Making Memories While We Wait

 

Making Memories While We Wait

Movember 17 – December 3 | Opening: Nov 17th 6 - 8pm

at Gallery d’Arte

548 W 28 St, Suite 328

New York, NY 10001


NARS Foundation is proud to present its fifth annual juried solo exhibition: Making Memories While We Wait, a show featuring the work of Khánh H . Lê. Probing his personal and familial histories in an attempt to carve out a cultural identity for himself, Vietnamese-born Lê mixes cultural signifiers with abstraction and popular culture to create new work that can be seen as either pure abstraction, identity-based art or both. Lê was selected by juror, Marshall N. Price, Nancy Hanks Curator of Modern and Contemporary Art, Nasher Museum of Art at Duke University, for his series that “provides a framework for understanding how immigrant communities are part of the larger fabric of this country, yet can remain relatively invisible to the greater public.” The exhibition, generously hosted by Gallery d’Arte, in Chelsea, will open on November 17th, 6-8pm.

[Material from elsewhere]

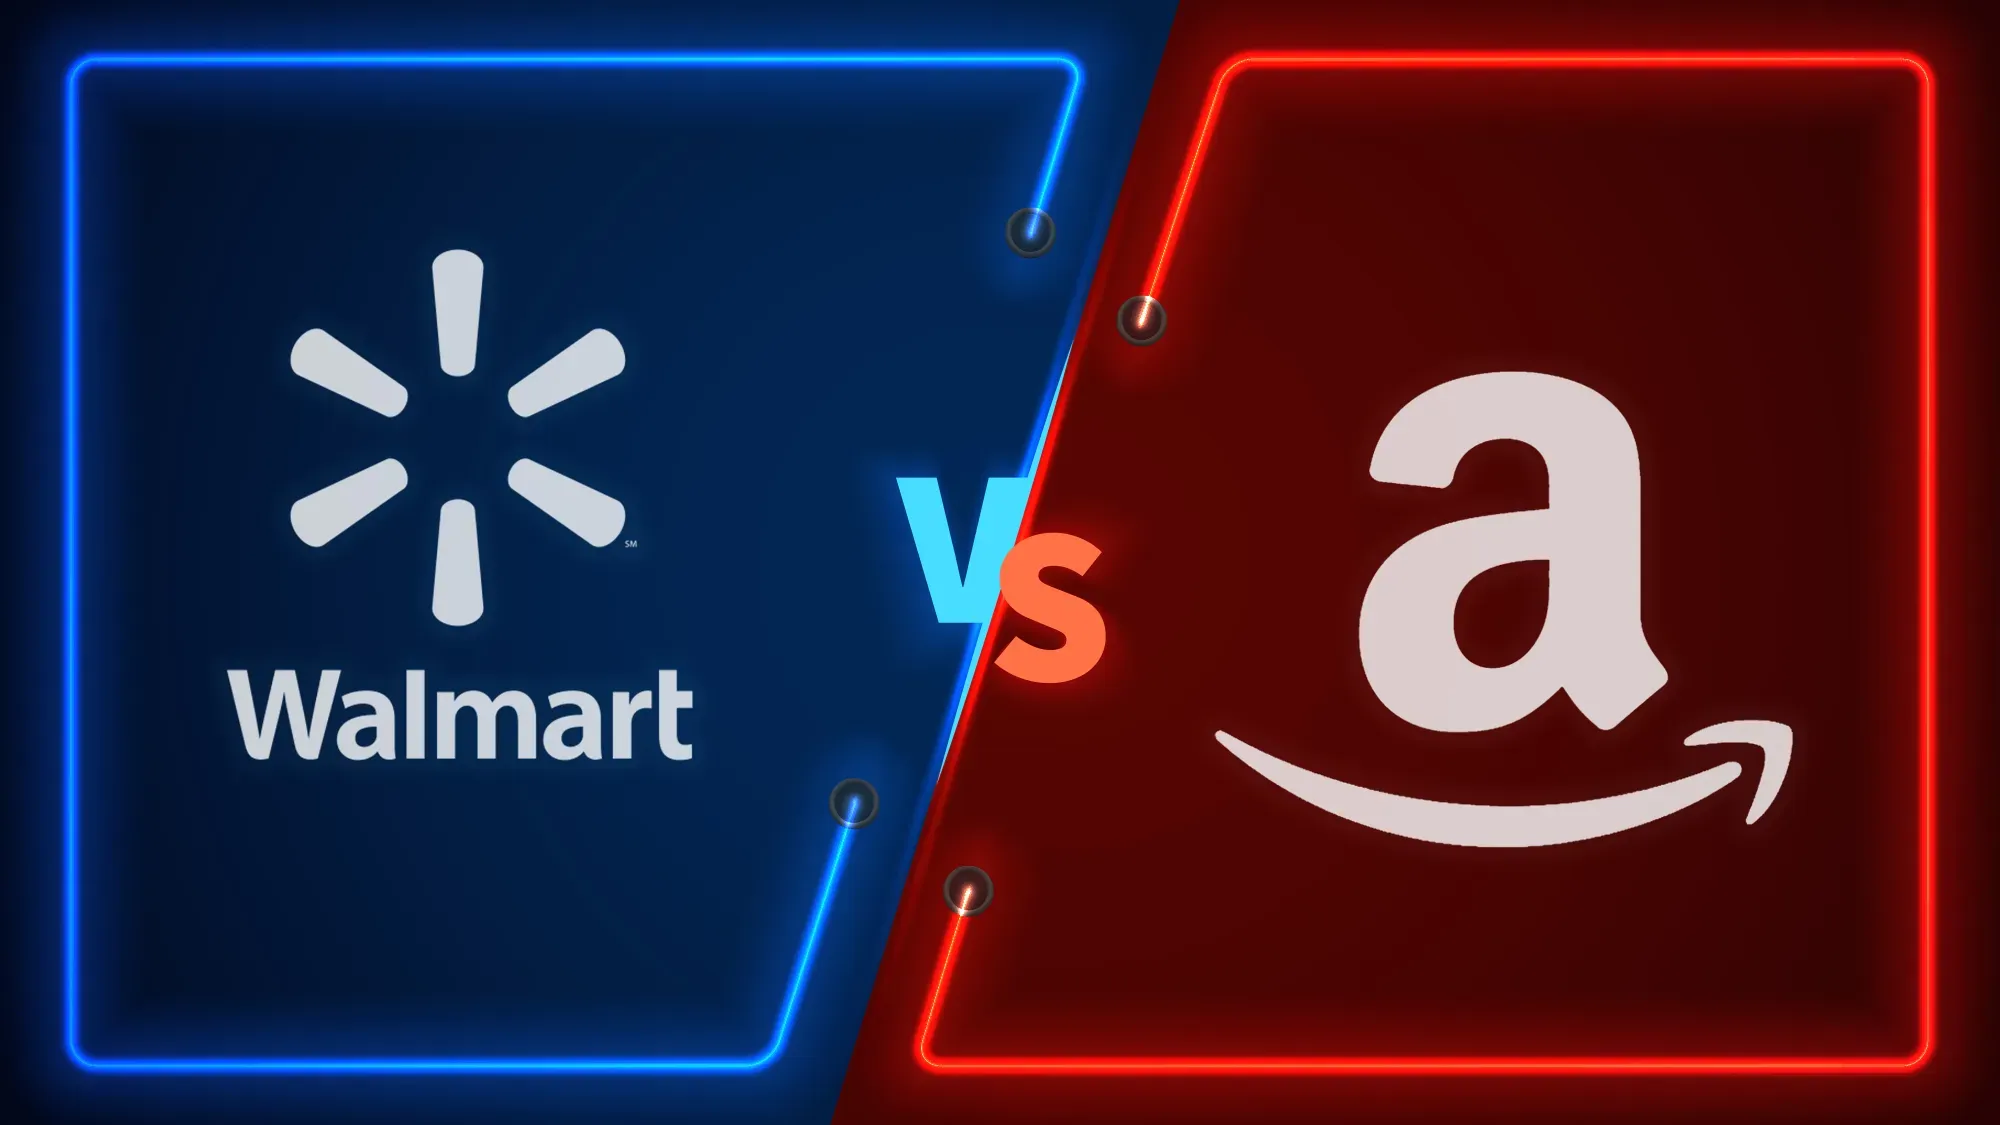 Walmart Takes On Amazon in Adtech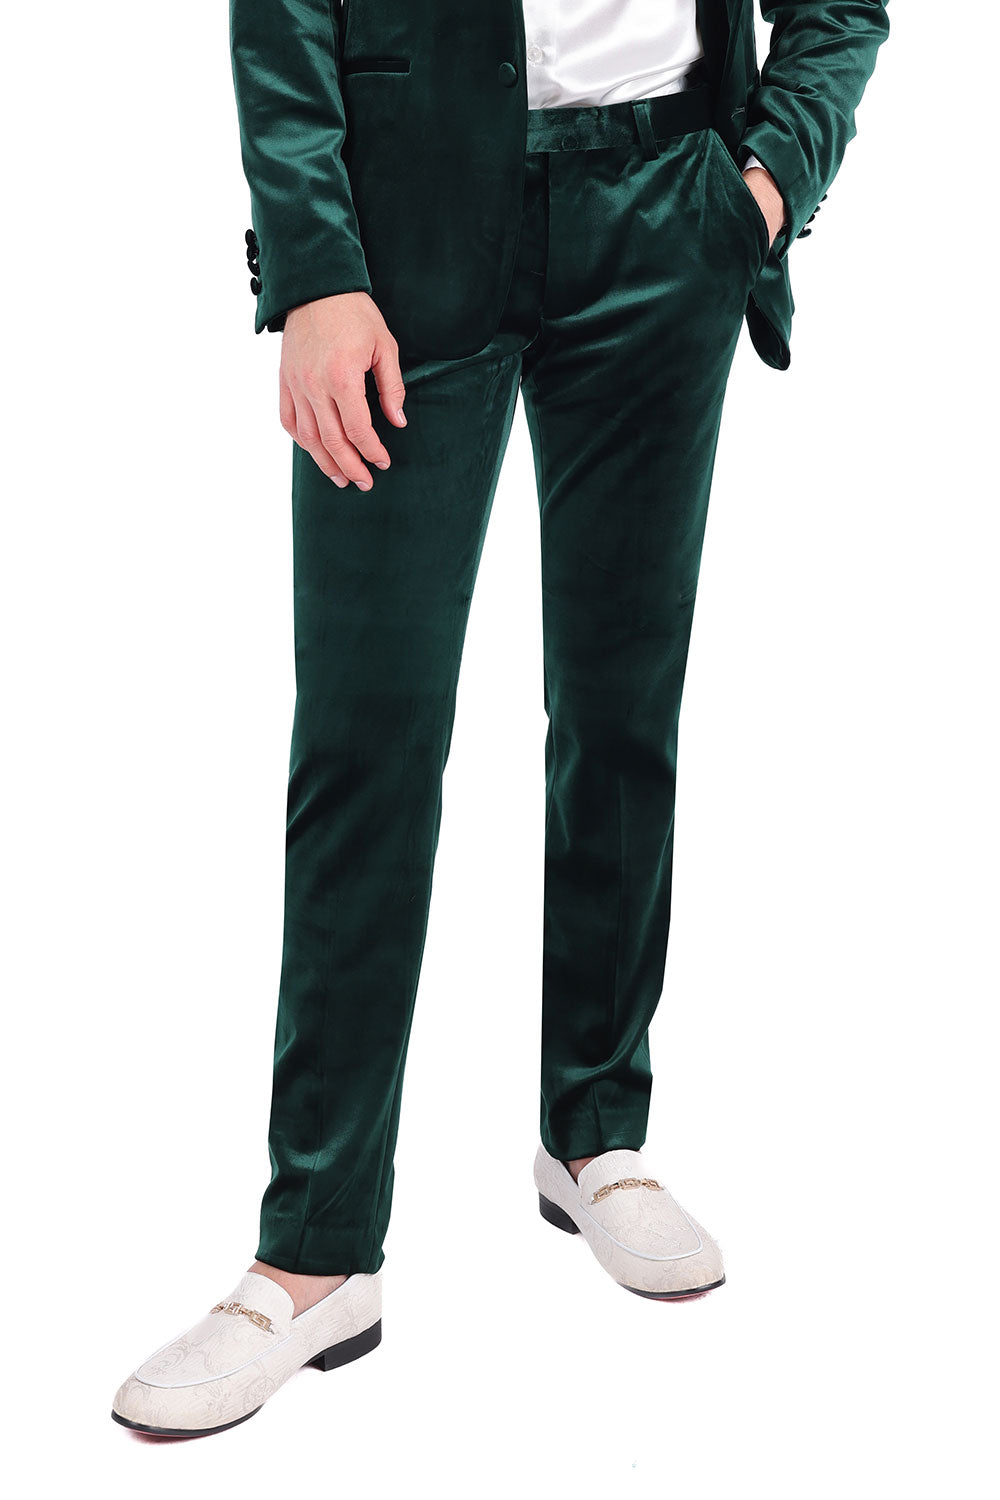 Barabas Men's Velvet Shiny Chino Solid Color Dress Pants 3CP04 Hunter Green

Lê graduated with his BFA from Southern Illinois University at Edwardsville and his MFA from Syracuse University. His work has been exhibited at the Hunterdon Art Museum (Clinton, NJ), Visual Arts at Chautauqua Institution (Chautauqua, NY), Corcoran Gallery of Art (Washington, DC), Vox Populi (Philadelphia, PA), Delaware Center for the Contemporary Arts (Wilmington, DE), Arlington Arts Center (Arlington, VA), Honfleur Gallery (Washington, DC), DC Arts Center (Washington, DC), Washington Project for the Arts (Washington, DC), and Transformer (Washington, DC). The DC Commission on the Arts and Humanities awarded Lê the Artist Fellowship for the Visual Arts in 2016. Lê continues to live and work in Washington, DC, where he actively explores and questions the notion of identities through the lenses of culture and memories.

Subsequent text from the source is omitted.